With the exception of blades made for very light duty saws, typical scroll saw blades are 5 in long. The major types are:
- Skip tooth (or single skip tooth) which have a tooth, a gap, and then another tooth;
- Double skip tooth (two teeth, a gap, then two teeth);
- Crown or two-way, which have teeth facing both up and down so that the blade cuts on both the down-stroke (as with all other blades) and the up-stroke;
- Spiral blades, which are essentially regular flat blades with a twist, so that teeth project on all sides;
- Metal cutting blades made of hardened steel;
- Diamond blades (wires coated with diamond fragments), for cutting glass.
- Pin end blades are generally a bit thicker and are made to use on scroll saws that require pin end blades which are generally older, less expensive or made for entry level scrollers. Most newer higher-end scroll saws do not accept pin end blades.

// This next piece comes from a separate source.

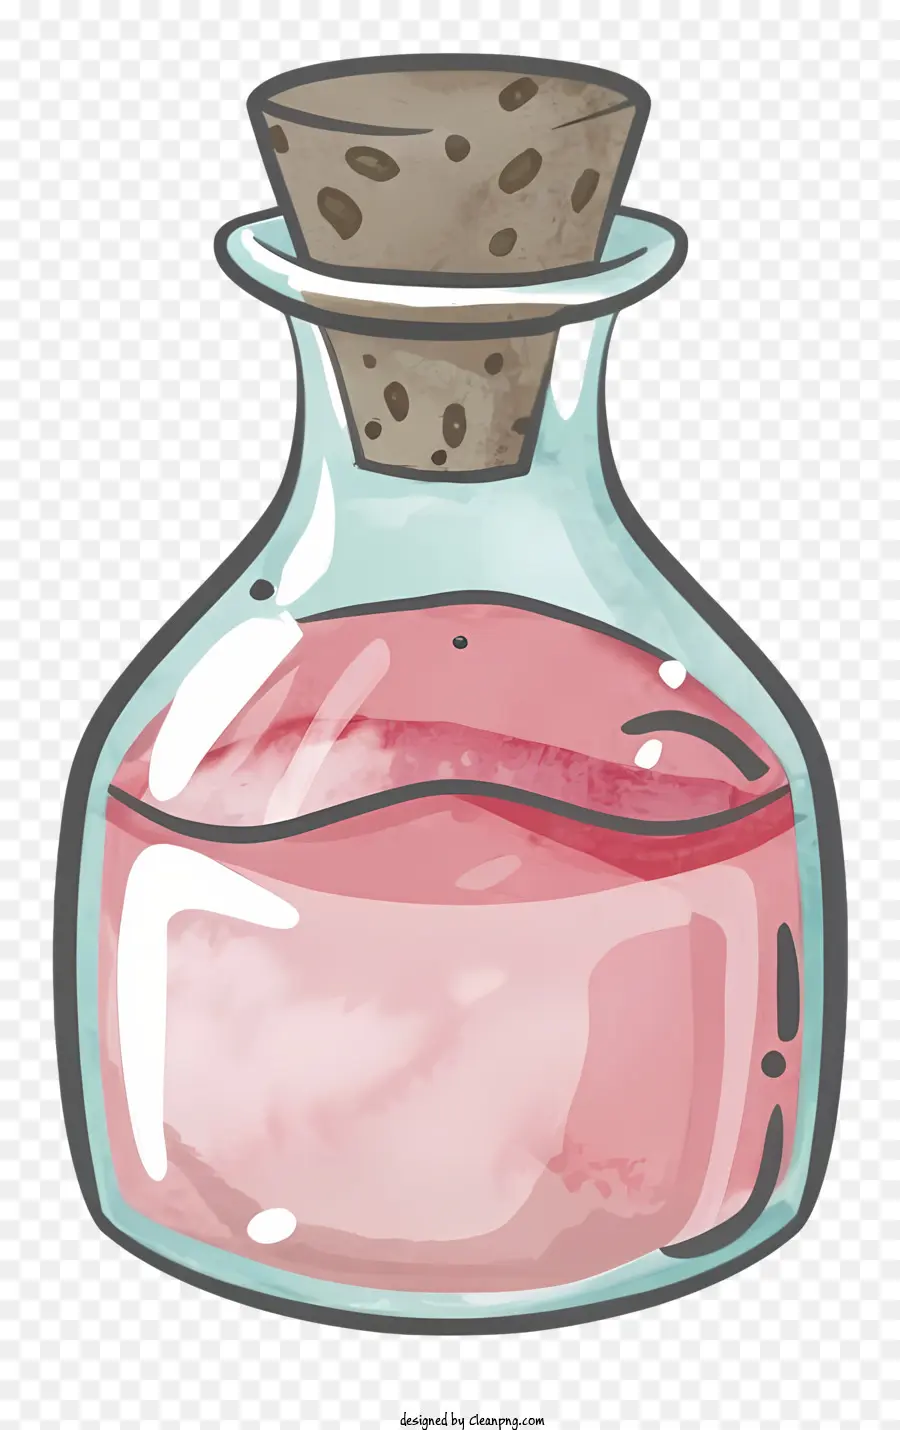 Chai thủy tinh hoạt hình Chai chai màu hồng trong suốt chai có nút chặn - Clear Glass Chai có chất lỏng màu hồng bên trong

Blades come in many weights, ranging from #10/0 (for making jewelry—about the size of a coarse hair) to #12, which is similar to a small band saw blade.

Another variation is called a reverse tooth blade. On reverse tooth blades, the bottom 3/4 in of the teeth are reversed (point up). This arrangement helps to reduce splintering on the bottom edges of the cut. However, it does not clear sawdust out of the cut as well as a regular blade, so cutting is slower and produces more heat. This heat reduces blade life and makes scorching of the workpiece more likely. Reverse tooth blades are especially useful when cutting softwood and plywood such as Baltic birch.

The latest variation is called "ultra-reverse". These blades are configured with 4–5 teeth down and then one up, repeated through the length of the blade. The blade clears dust very well and leaves a much cleaner back (very few "fuzzies"). These blades' sizes range from #1 through #9.